Damn. "I'd heard that Companions got trained to fight, so I asked Inara to show me some moves. I got a mite too close, and she landed one on me." She smiled in self-deprecation. "Shoulda been more careful."

"She shoulda been." His eyes flicked to the shuttle, and he looked like he might storm in there and have a few words with Inara.

"Captain, can you help me back to my room?" she asked, drawing his attention back. "My head aches, and I want to lie down."

"The doc can give you somethin'... no, that's right. He can't." Mal sighed and let her go, keeping a hand on her elbow. "Anything I can do to help the pain?"

She shook her head slowly, holding it with her hand again. Holding her head didn't do any good, but it comforted her to know that if it fell off, at least she might catch it. She leaned on Mal more than she needed to as they climbed down the stairs to the passenger rooms, but she wanted him to feel like he was needed. Besides, he felt nice and smelled nice, and she liked the way his heartbeat strong and sure. It was comforting. "I'll just take a nap," she said. "Breathe a little. You know they always tell you to breathe when you're hurtin," she added with a grin.

"Hey, you heard me." Mal smiled at her, pleased. "I thought that maybe you were too out of it when you came onboard."

"I heard you. And thanks. I mean, I don't think I ever got a chance to really thank you." Camille pulled away as they made it to her room. Standing nervously in her doorway, she said, "Thanks for... helpin' me when the doc was sewing me up. You didn't have to."
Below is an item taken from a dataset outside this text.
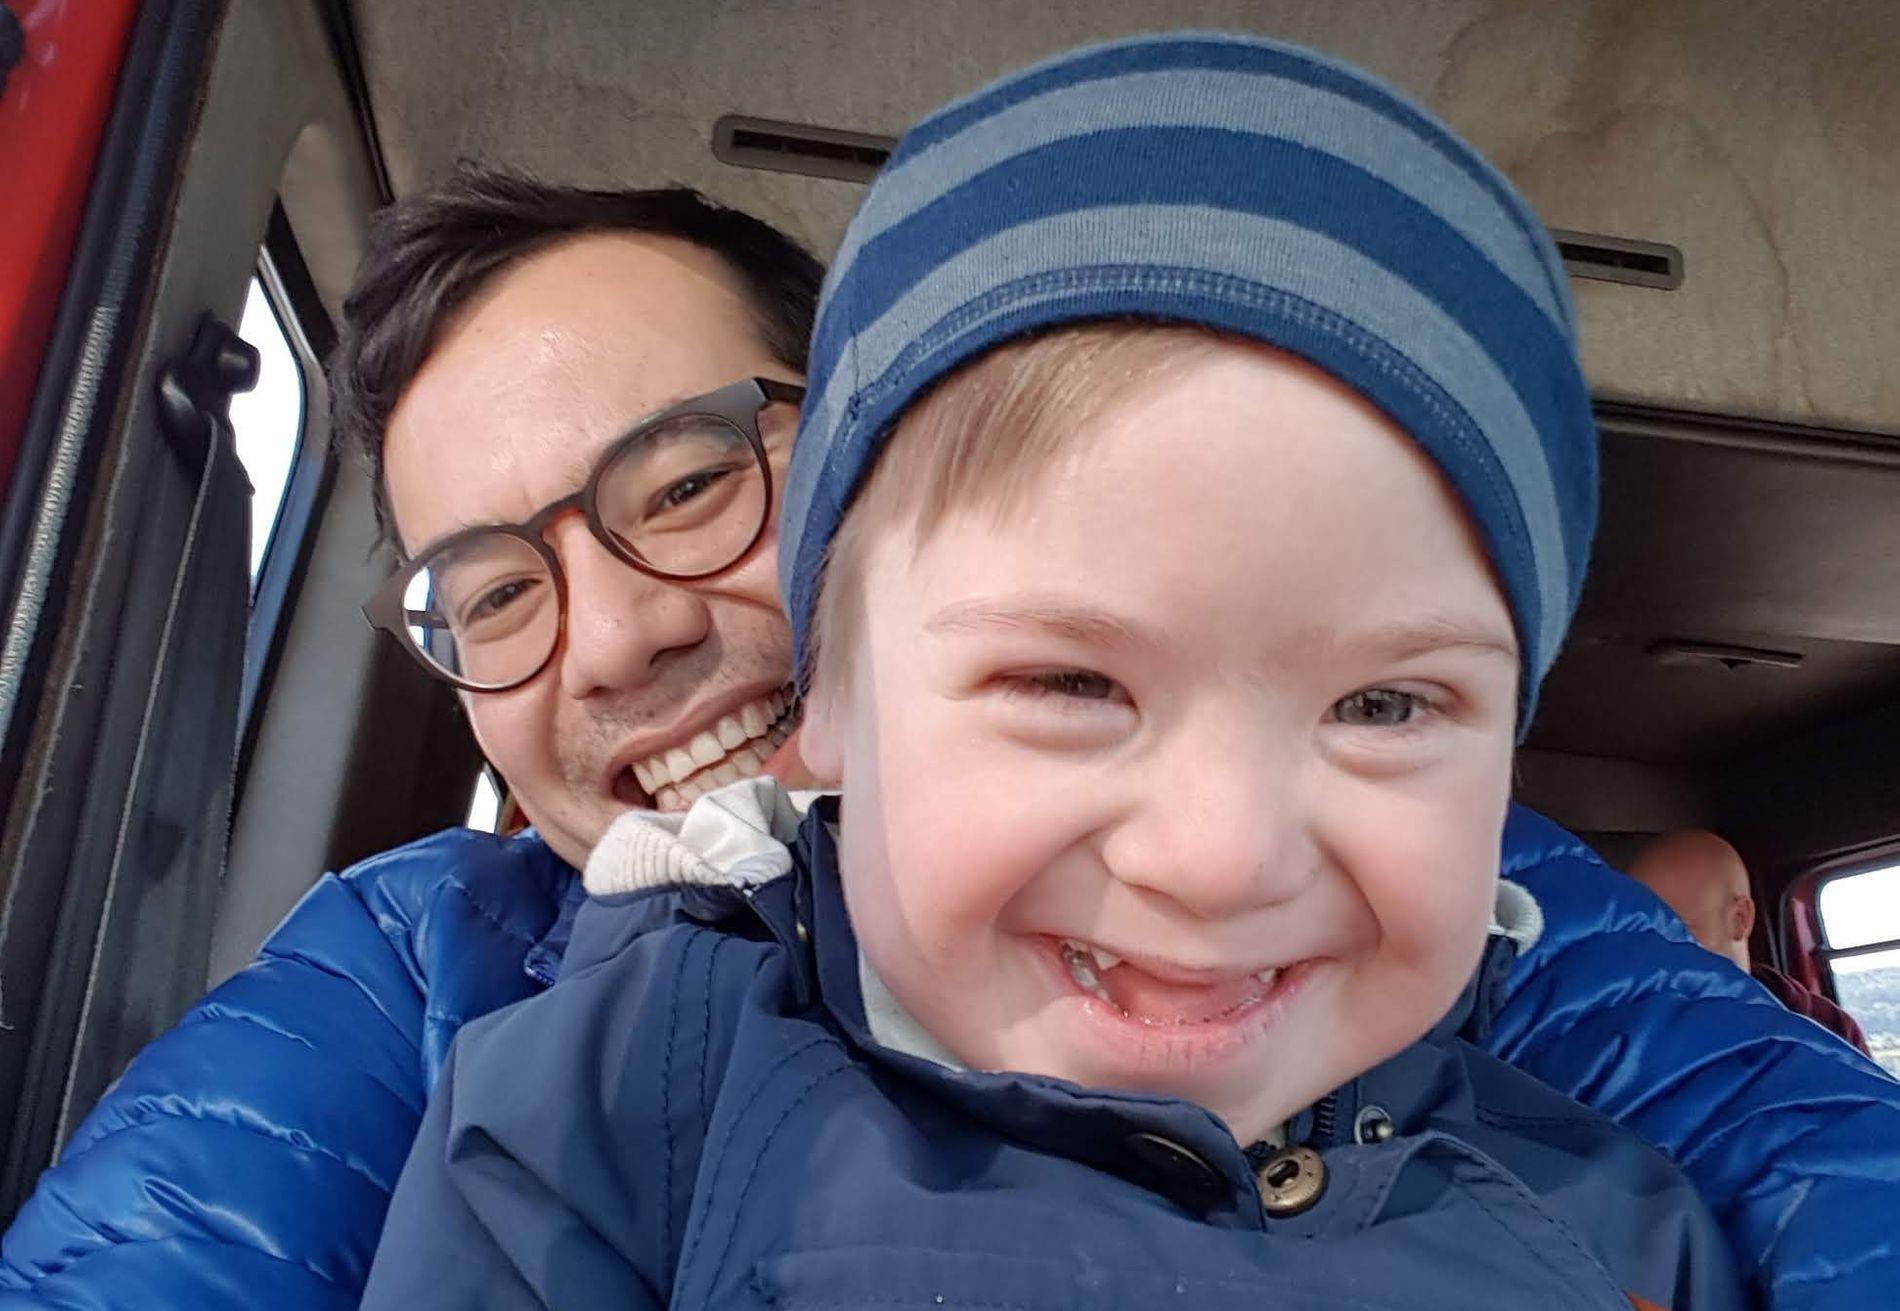 REAGERER: – Når abortloven diskuteres får som regel Downs syndrom en uforholdsmessig stor rolle, skriver Jan Inge Kvamme. Her sammen med sønnen Syver (5), som har Downs syndrom.
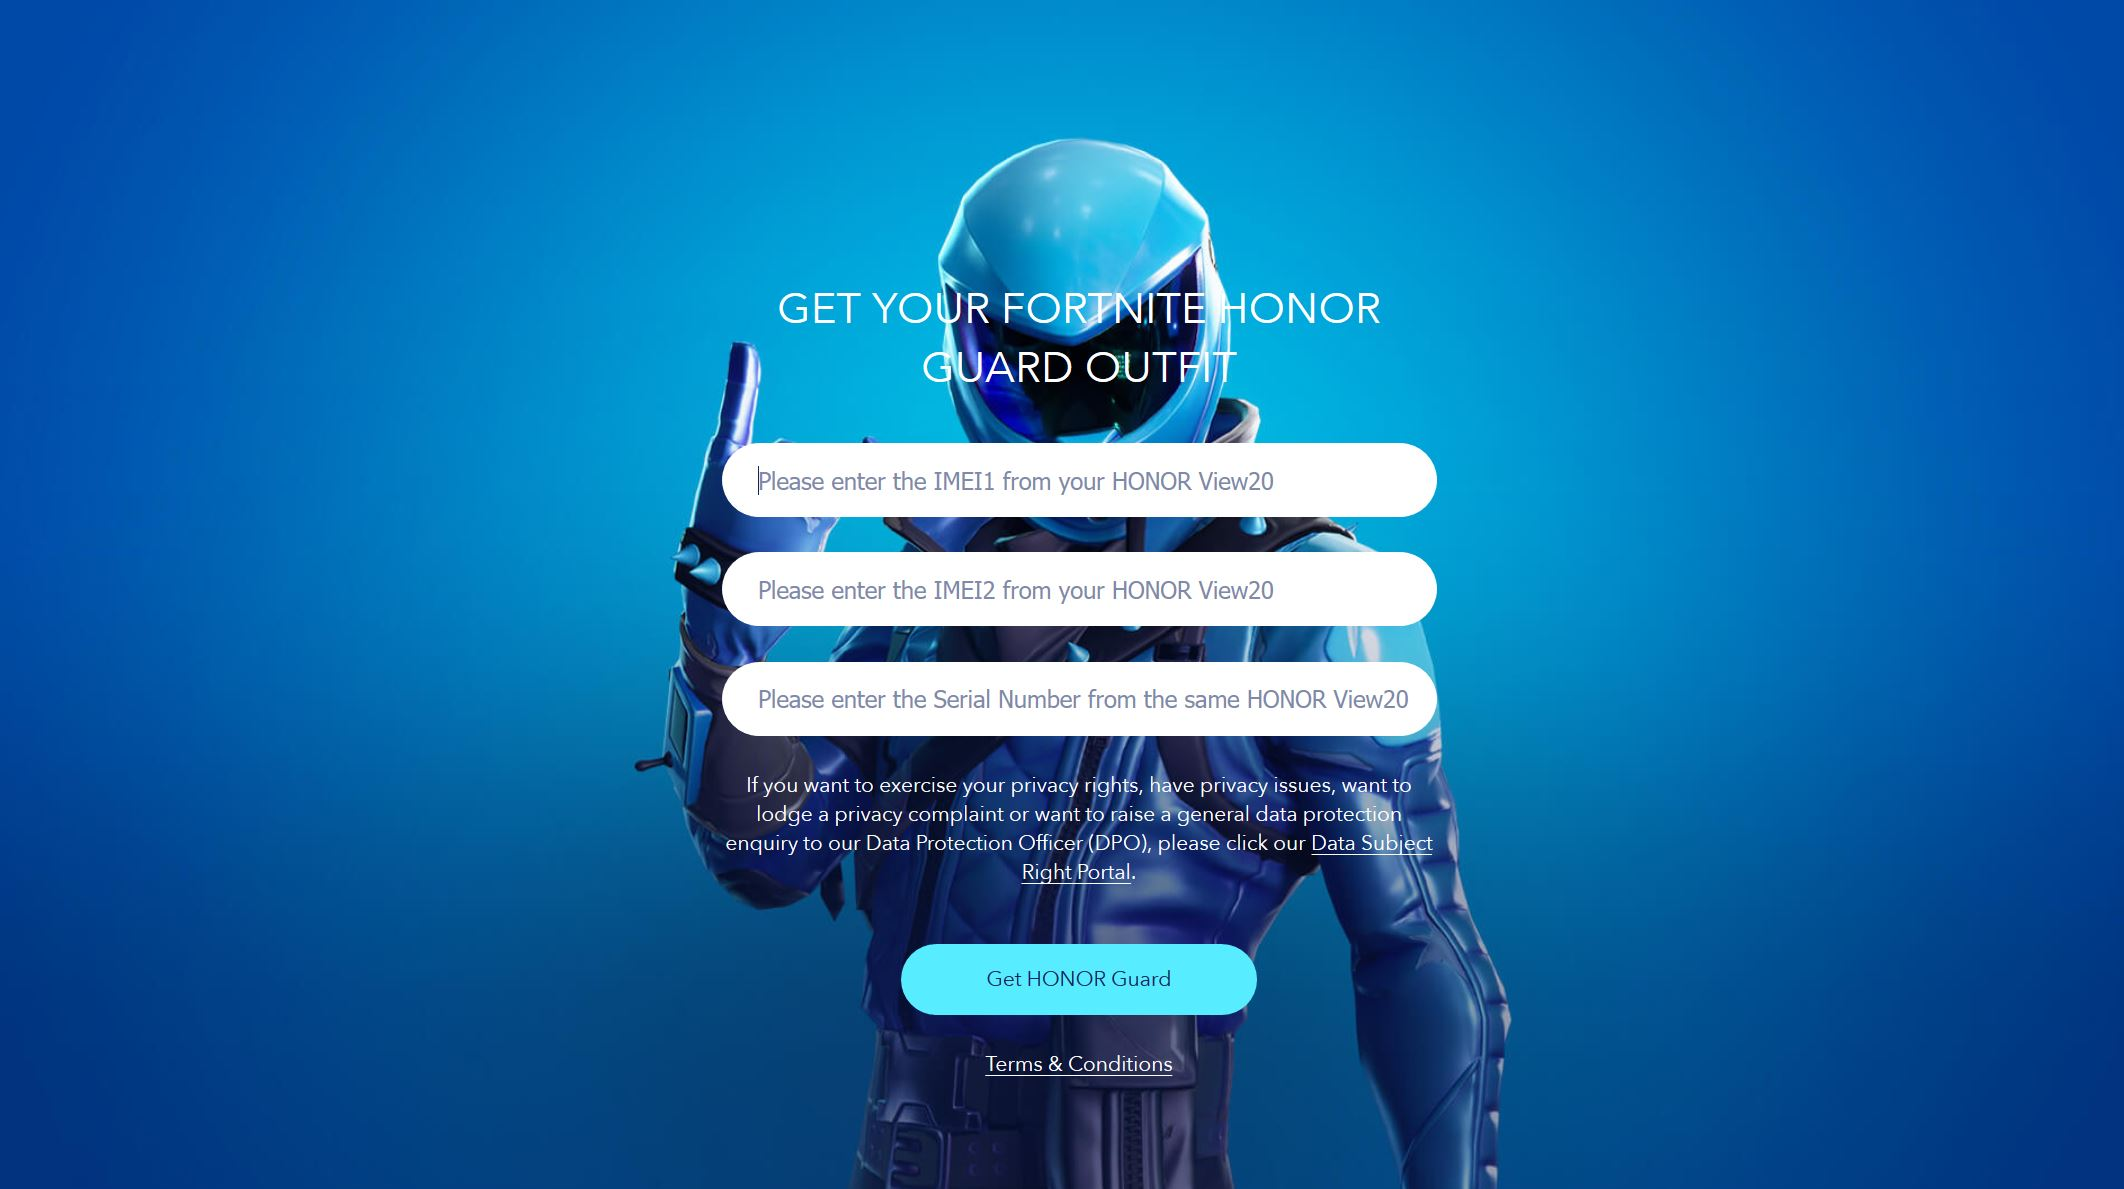 fortnite honor guard skin wie bekomme ich ihn wirklich update - fortnite honor skin phone

Mal ran his hand through his head and shrugged. "Weren't no one else there to do it."

"I'm sure Zoe coulda held me down just fine."

"Maybe."

Camille smiled tentatively. "Besides. I mean the fact that you still took me on. You didn't have to. You could have given me back my fare and put me back on the Eavesdown Docks. Hell, I weren't even on the ship yet, not really. You carried me on." She took a half step closer and put her hand on his chest again. "You didn't have to."

"What, you think I'd leave a perfectly good passenger with perfectly good money behind? You don't know me very well."

"Actually," she said, smiling fully at him. "I think I do." Then, before her brain kicked back in and stopped her, she leaned forward, pressed a kiss into his lips, and then stepped back. "See you later, Captain." Heart thundering, she stepped inside her room and closed the door firmly, wondering what exactly it was she thought she was doing.